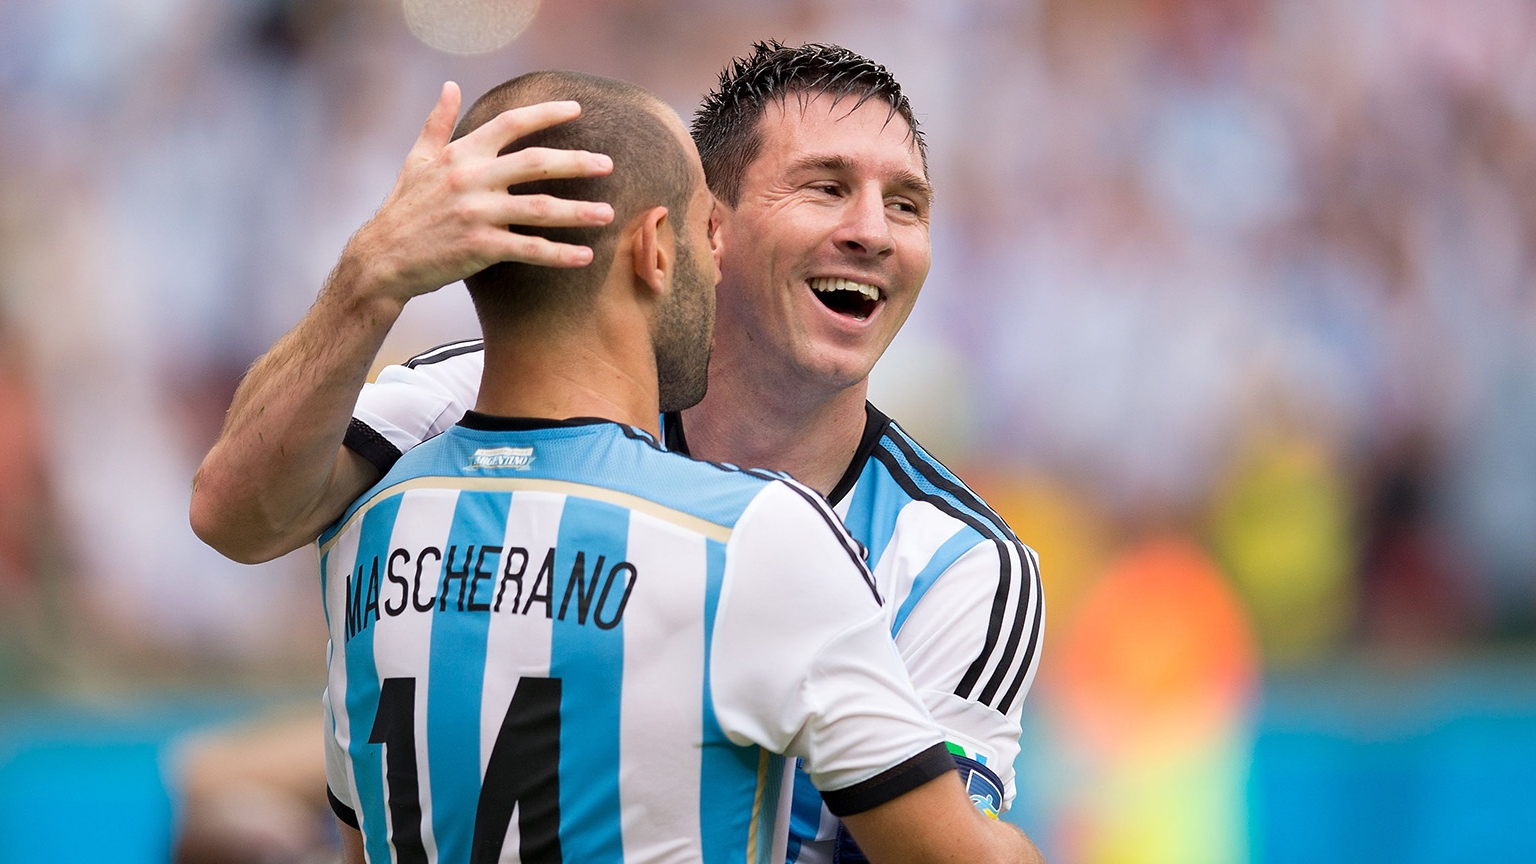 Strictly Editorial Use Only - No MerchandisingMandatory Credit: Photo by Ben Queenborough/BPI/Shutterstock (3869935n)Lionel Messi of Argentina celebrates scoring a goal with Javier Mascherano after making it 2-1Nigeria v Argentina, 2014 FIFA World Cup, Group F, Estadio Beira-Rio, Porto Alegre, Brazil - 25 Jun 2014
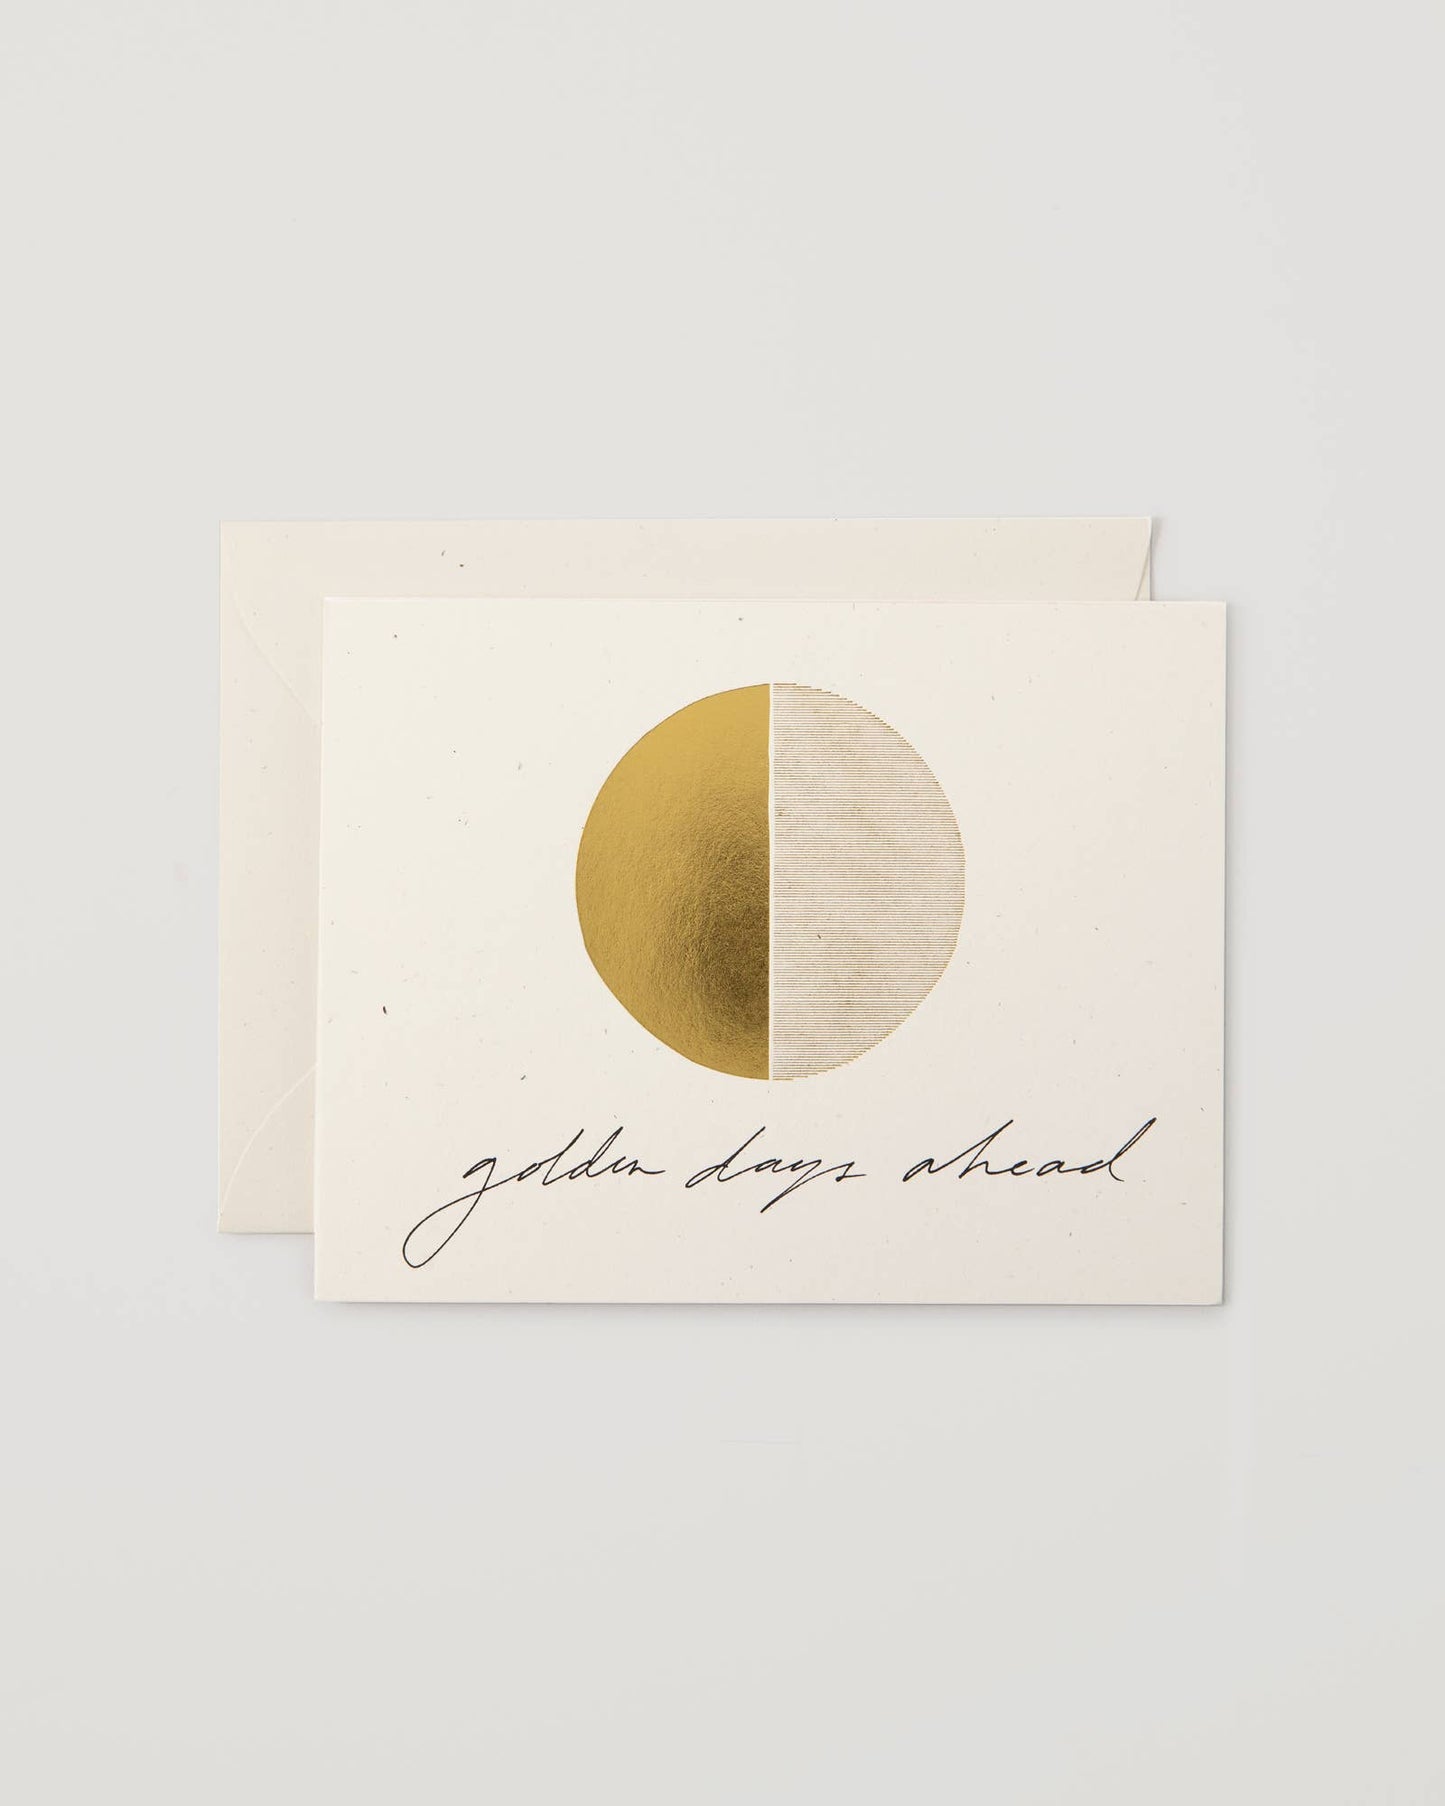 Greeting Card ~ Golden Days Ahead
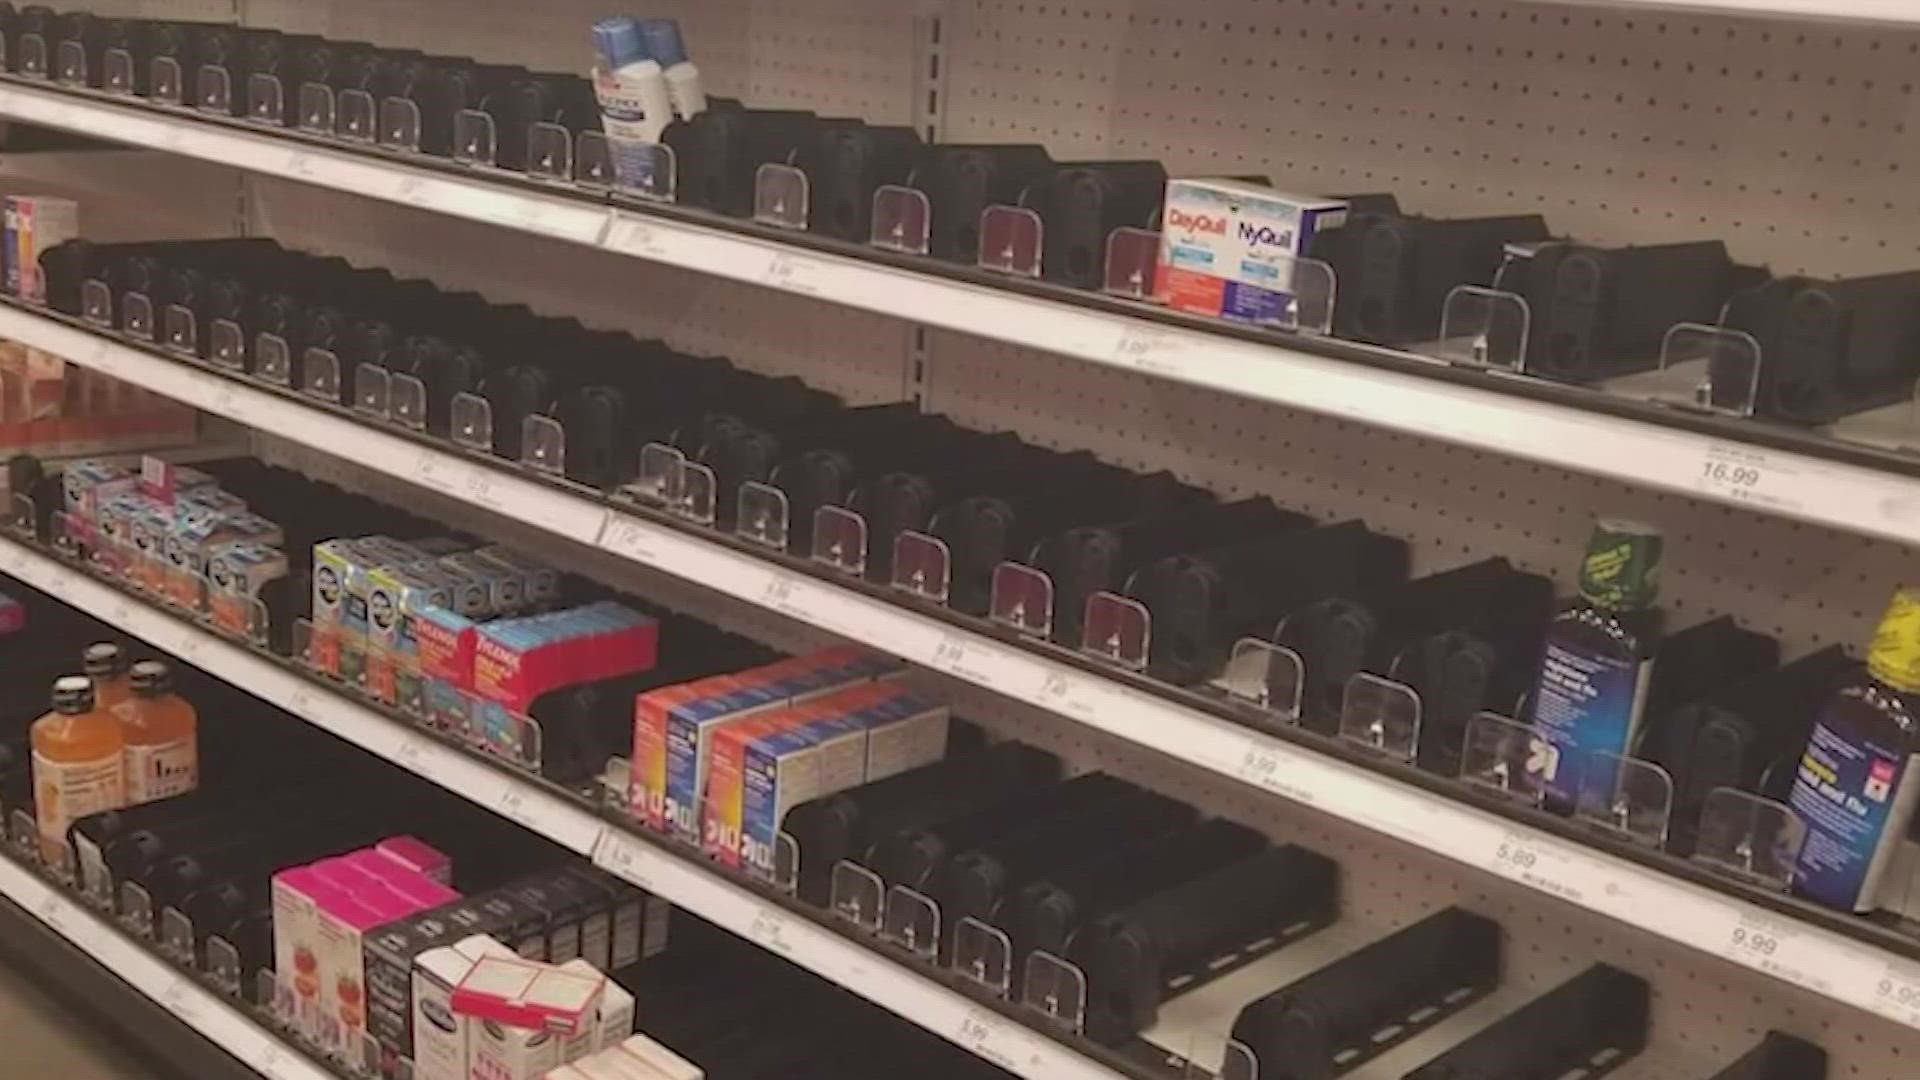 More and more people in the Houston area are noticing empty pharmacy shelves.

= = = = = = =

**Try it**
Return the whole listing exactly, minus its pictures.

**Response to this task**
 Strictly Editorial Use Only - No MerchandisingMandatory Credit: Photo by Ben Queenborough/BPI/Shutterstock (3869935n)Lionel Messi of Argentina celebrates scoring a goal with Javier Mascherano after making it 2-1Nigeria v Argentina, 2014 FIFA World Cup, Group F, Estadio Beira-Rio, Porto Alegre, Brazil - 25 Jun 2014
 Greeting Card ~ Golden Days Ahead
 More and more people in the Houston area are noticing empty pharmacy shelves.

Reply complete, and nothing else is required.